5. **Commutativity**:

   ```
   E1 ⋈ E2 = E2 ⋈ E1
   ```
6. **Associativity** (natural join):

   ```
   (E1 ⋈ E2) ⋈ E3 = E1 ⋈ (E2 ⋈ E3)
   ```
7. **Theta join associativity** – condition-specific.

#### **Selection Distributes over Join**

* If condition refers only to attributes from one relation:

  ```
  σθ1 AND θ2 (E1 ⋈θ E2) = (σθ1(E1)) ⋈θ (σθ2(E2))
  ```

#### **Projection Distributes over Join**

* If join condition only needs some attributes:

  * Project each relation to **only necessary attributes** for:

    * Output list
    * Join condition

#### **Set Operation Rules**

* Union, intersection → commutative and associative.
* Selection distributes over union, intersection, difference.
* Projection distributes over union.

---

### **8. Applying Transformation Rules – Examples**

#### Example 1 – Push Selection

* Move `dept = 'Music'` down to Instructor before join.

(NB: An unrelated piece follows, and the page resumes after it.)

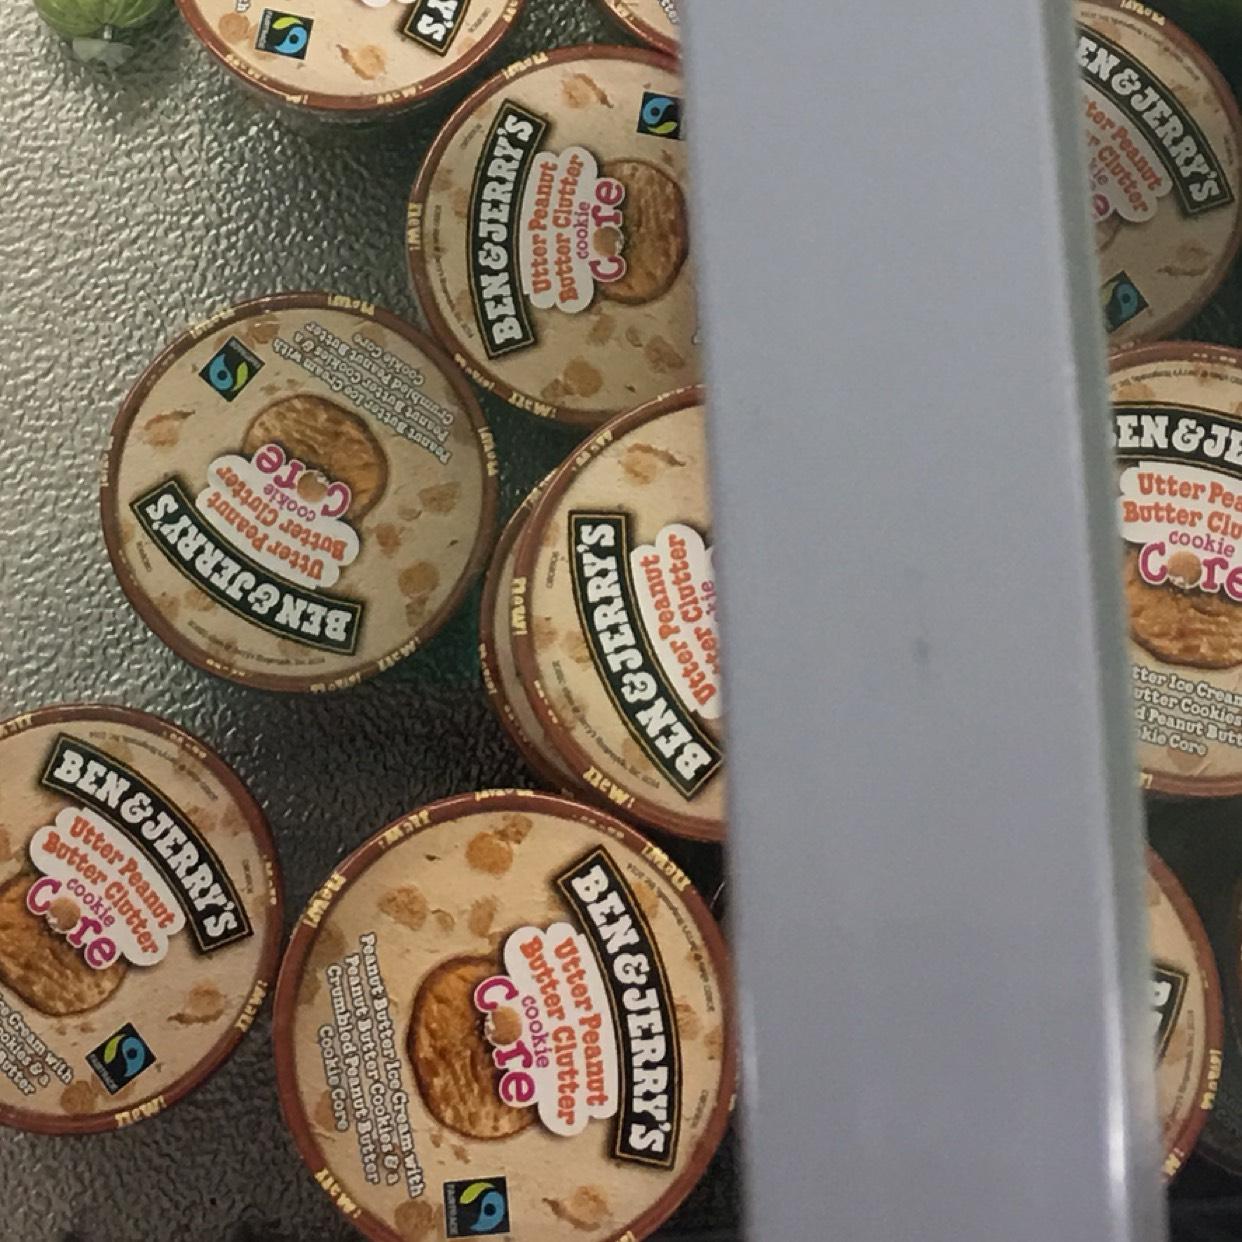 Pot de glace Ben & Jerry's - Beurre de cacahuète, Promomarché de Reims (51)

#### Example 2 – Two Conditions

* `(dept = 'Music') AND (year = 2009)`:

  1. Change join associativity to join smaller intermediate results first.
  2. Push each selection to its respective relation (Instructor, Teachers).
  3. Reduce size before final join.

#### Example 3 – Push Projection

* Perform projection early to reduce attributes carried through joins.

---

### **9. Generating Alternative Plans**

**Approaches:**

* **Brute force enumeration**:

  * Apply all equivalence rules to all subexpressions until no new forms.
  * Exponential time → impractical.
* **Dynamic programming**:

  * Generate and keep **best plan so far** for each subexpression.
  * **Prune** plans that cannot lead to better results.

**Space optimization:**

* Avoid duplicating identical subexpressions.
* Use **multi-tree pointers** to share subexpression results.

---

### **10. Cost-Based Optimization**

* Cost depends on:

  * Statistics of base tables.
  * Estimated size of intermediate results.
  * Algorithmic costs for each operator.
* **Same query** may have different optimal plans for different datasets.

---

### **11. Summary – Optimization Process**

1. Parse SQL → relational algebra expression.
2. Apply **equivalence rules** to generate **alternative expressions**.
3. Annotate with algorithm choices → evaluation plans.
4. Estimate costs using statistics.
5. Choose **lowest-cost** plan.
6. Pass evaluation plan to execution engine.

---

✅ **Learning Outcomes Achieved:**

* **Basic issues for optimizing queries**:

  * Need to reduce relation sizes early.
  * Importance of indexes, join ordering, pushing selection/projection.
  * Use of statistics in cost estimation.
* **Transformation of relational expressions**:

  * Equivalence rules create multiple alternatives.
  * Early filtering and attribute reduction significantly improve performance.